Unsupervised learning of depth, camera motion, motion segmentation (mask), and optical flow. Depth and camera motion gives rise to the flow in rigid regions. The networks learn to segment the non-rigid regions and compute flow in these. Everything is learned without supervision using a novel ``Competitive Collaboration'' method.
Humans and animals live in, and interact with, the 3D world around them. To understand humans then, we must understand the surfaces that support them and the objects with which they interact. To that end, we develop methods to estimate the structure and motion of the world from a single image, video, or multiple images. We approach this by combining unsupervised learning with physical knowlege of the world.
For moving scenes, we compute the optical flow representing the projection of the 3D motion field into the image. In doing so, we exploit the geometric structure of the problem to simplify it. If the scene is rigid and only the camera moves, then the optical flow is completely described by the depth of the scene and the camera motion. Real scenes, however, contain rigid structure and independently moving objects. To deal with this, we segment the scene into regions corresponding to the different types of motion. To do so we exploit different constraints that are both geometric and semantic.
In the latter case, we know that certain objects like animals and cars can move independently while others, like buildings, cannot. Additionally objects like the road are typically planar and hence their motion is simply modeled. Thus, a semantic segmentation of the scene, provides information about what motions may be present where. We argue that segmentation and motion estimation go hand in hand and we have explored methods to do both in a coupled way.

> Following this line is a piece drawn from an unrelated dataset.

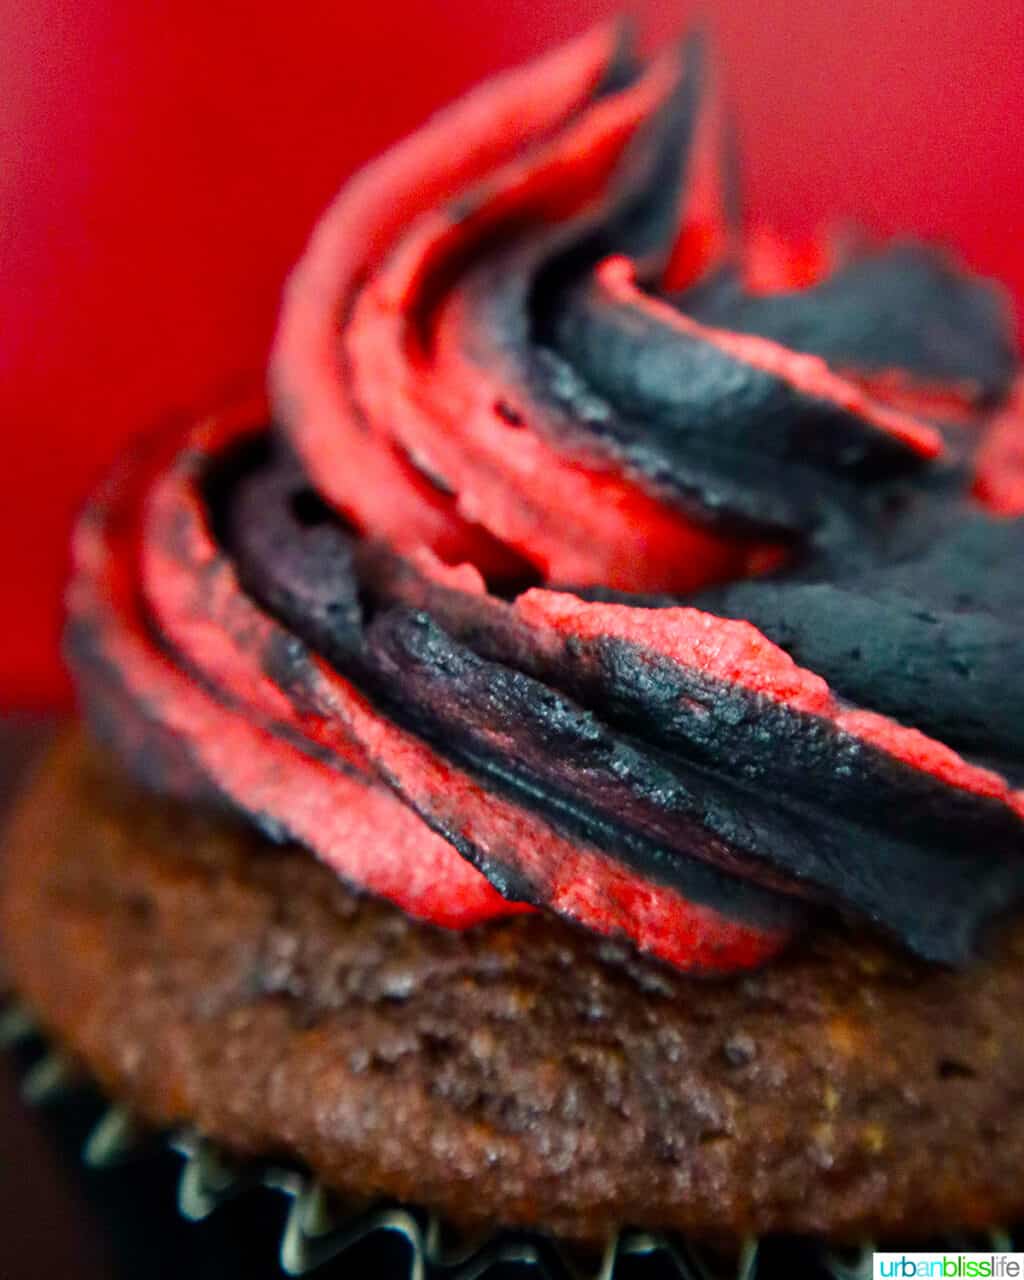 Darth Vader red and black frosted Devil's Food cupcakes.

Our most recent work focuses on the unsupervised learning of motion, scene depth, camera motion, and segmentation. Training exploits competitive collaboration in which different neural networks vie to explain the motion in the scene. To make this work, the physical constraints about motion in rigid scenes are critical. This geometric information allows us to learn depth from a single image without supervision. Motion makes this possible because scene structure is constant over time, allowing motion over time to inform the network about scene depth.
This work demonstrates that classical physical and geometric constraints that we already know about the world and its motion are not only compatible with deep learning but can play a critical role in enabling unsupervised learning. In a sense, the physics of the world provides a form of pre-existing supervision.
Our ongoing work combines people, scenes, and unsupervised learning to derive coherent explanations of the 3D world. We posit that the joint estimation of people and scenes will improve both.